The spotlight then shifts to a paradigm-challenging analysis of why small language models with fewer than 10 billion parameters are proving architecturally superior for agentic AI systems, potentially delivering 30 times the cost savings while matching the performance of their trillion-parameter cousins on specialised tasks. Finally, I share updates from the successful .NET Conf 2025 Durban event and preview the upcoming roadshow, which will visit Cape Town and Johannesburg, where I’ll explore Model Context Protocol integration with C# and Azure AI.
Generative AI
-
🚀 10 Game-Changing AI Papers Every Engineer Should Know in 2025. Mahendra Medapati delivers an exceptional deep dive into the 10 foundational research papers that transformed AI from an academic curiosity into the transformative technology reshaping industries today.
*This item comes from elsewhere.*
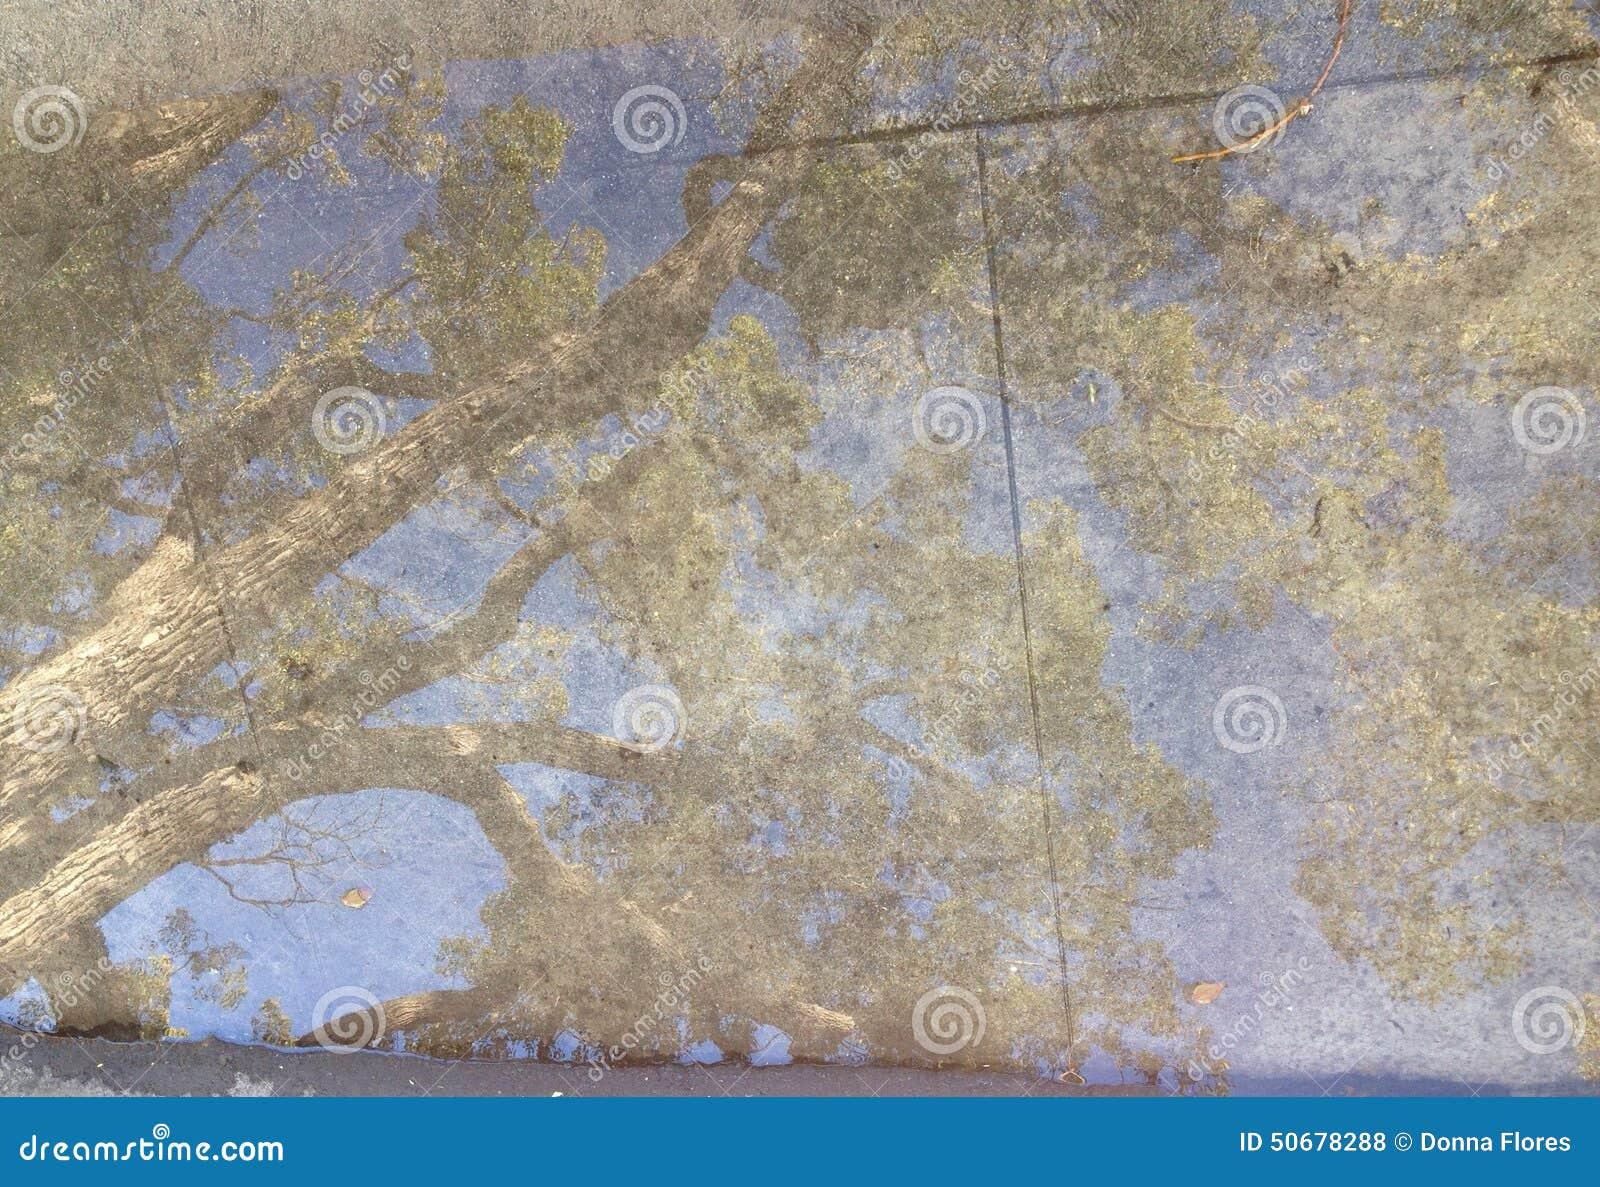 Download 雨水坑反射树 库存照片. 图片 包括有 结构树, browne, 绿色, 镇压, 反射, 边路, 反映, 大麦 - 50678288

Starting with the revolutionary 2017 “Attention Is All You Need” paper, which introduced the transformer architecture, the author breaks down how self-attention mechanisms enabled models like GPT-4, Claude, and Gemini to understand context across entire conversations, rather than processing text one word at a time. The post brilliantly contextualises GPT-3’s few-shot learning breakthrough, demonstrating how 175 billion parameters enabled models to perform new tasks with just a handful of examples—eliminating the need for thousands of labelled examples and weeks of training time that previously made AI customisation prohibitively expensive for most organisations.
This post by MahendraMedapati excels at bridging theoretical breakthroughs with practical engineering applications that developers can implement immediately. The coverage of Chain-of-Thought prompting reveals how simply adding “Let’s think step by step” can dramatically improve AI reasoning on complex tasks. The RAG (Retrieval-Augmented Generation) section explains how modern AI systems ground their responses in current, verifiable information, rather than relying solely on training data. The discussion of LoRA (Low-Rank Adaptation) is particularly valuable for practitioners, as it shows how fine-tuning models now requires 10,000 times fewer trainable parameters and 3 times less GPU memory, truly democratising AI customisation by making it accessible on consumer hardware rather than requiring expensive cloud infrastructure.
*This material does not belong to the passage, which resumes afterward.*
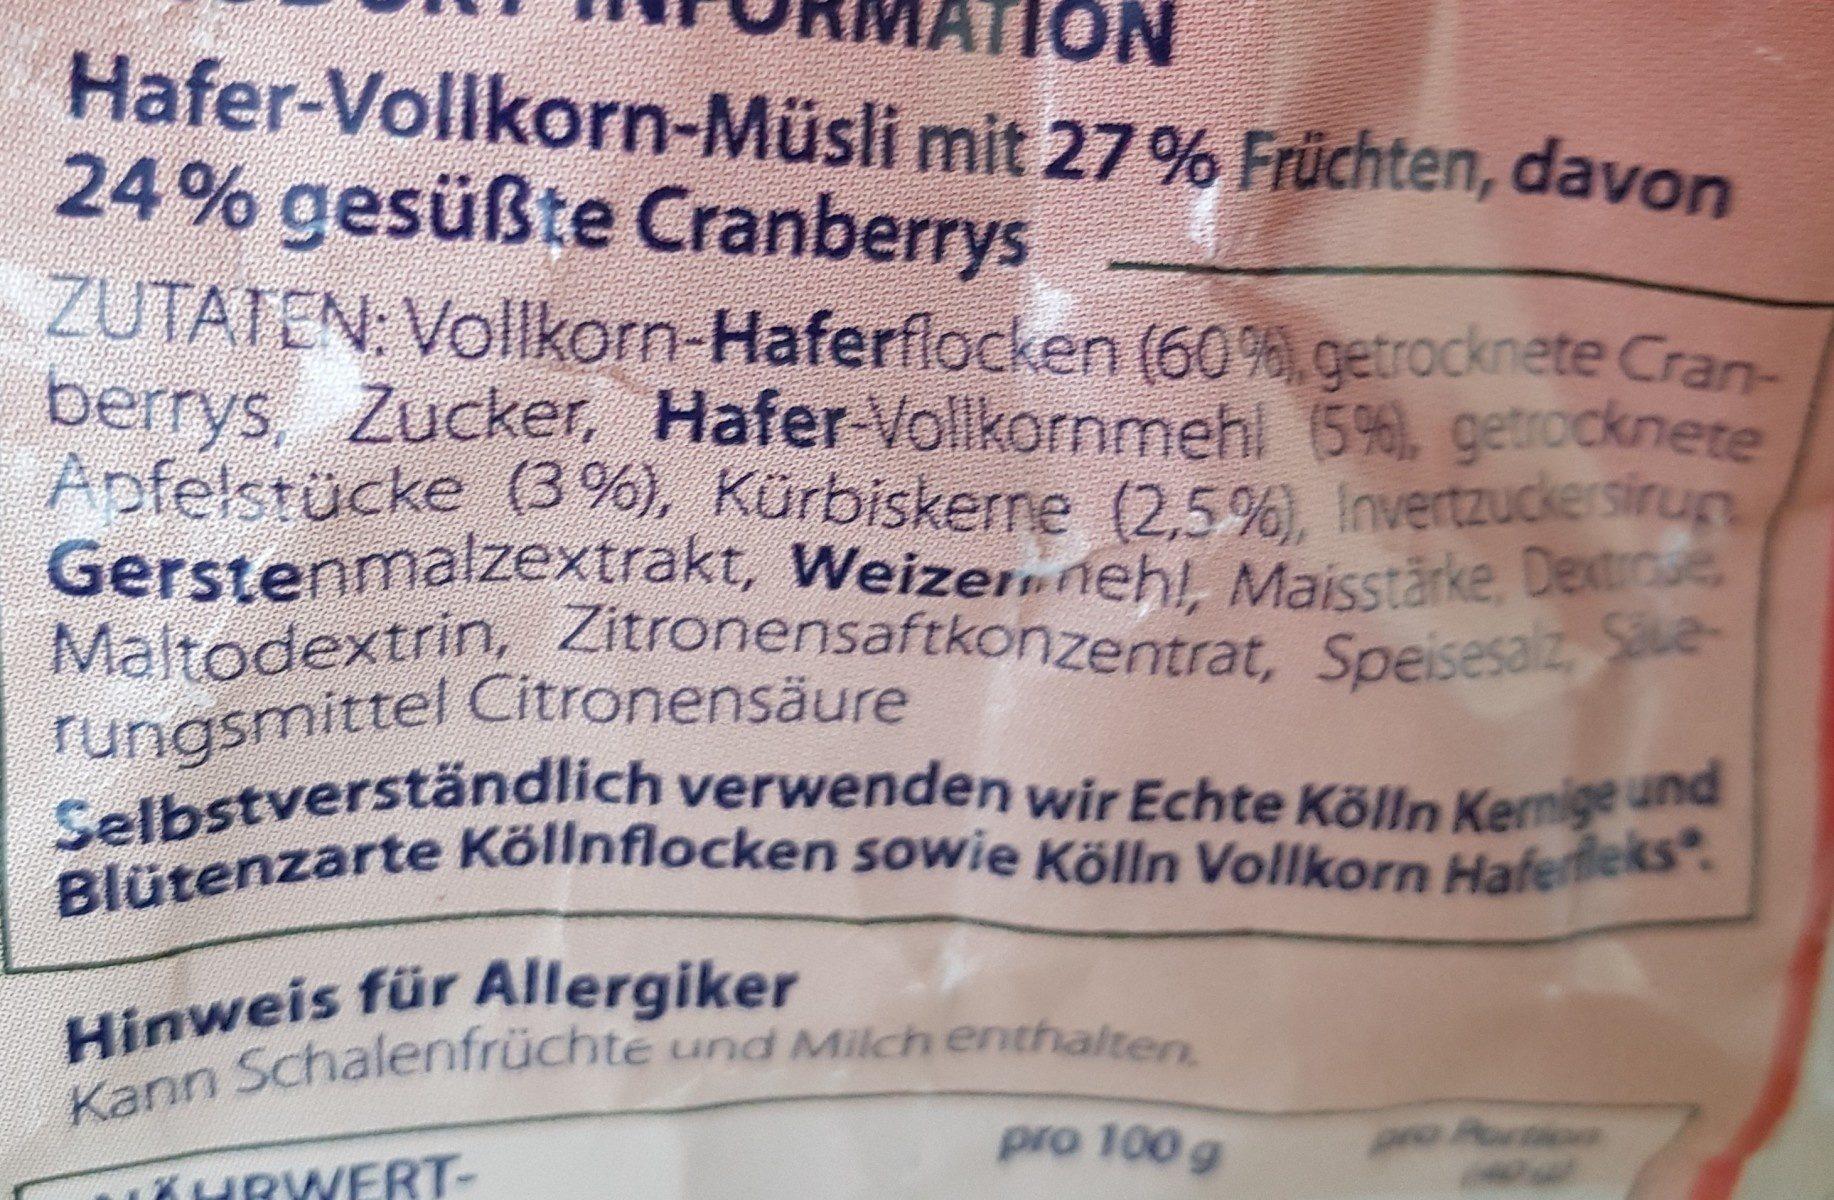 Musli cranberry - Ingredients - fr

Here’s what strikes me most about this compilation: The author has curated papers that represent genuine architectural paradigm shifts rather than incremental improvements. The progression from Transformers through few-shot learning, RAG, and efficient fine-tuning methods, such as LoRA, tells the story of AI’s evolution from laboratory curiosity to production-ready technology. The inclusion of newer developments, such as Constitutional AI for alignment and the Model Context Protocol (MCP) for standardised tool integration, demonstrates how the field is maturing beyond raw capability toward reliability, safety, and interoperability. For developers building AI-powered applications in 2025, understanding these papers isn’t just an academic exercise; it’s the difference between knowing which tools to reach for and why they work, versus blindly following tutorials without grasping the fundamental principles that make modern AI systems effective and economical to deploy.
-
Implement Asynchronous Programming in Azure OpenAI for Task Parallelization.. Akash Verma, in this post, examines a critical performance optimisation technique that many developers overlook when integrating Azure OpenAI into production applications: asynchronous programming for task parallelisation. The article demonstrates how sequential API calls create unnecessary bottlenecks, using a perfect analogy: washing dishes one at a time versus running a dishwasher while simultaneously cooking. Asynchronous operations fundamentally change resource utilisation patterns. The Python implementation showcases three essential keywords (asyncio, async, and await) that enable concurrent task execution, with the author providing practical code examples for both embedding generation and question-answering workflows. The performance metrics tell a compelling story: embedding generation for 50 documents drops from 20 seconds to just 1.8 seconds when using asynchronous calls, while answering six basic questions shrinks from 12.5 seconds to 4 seconds, representing speed improvements of 11 times and 3 times, respectively.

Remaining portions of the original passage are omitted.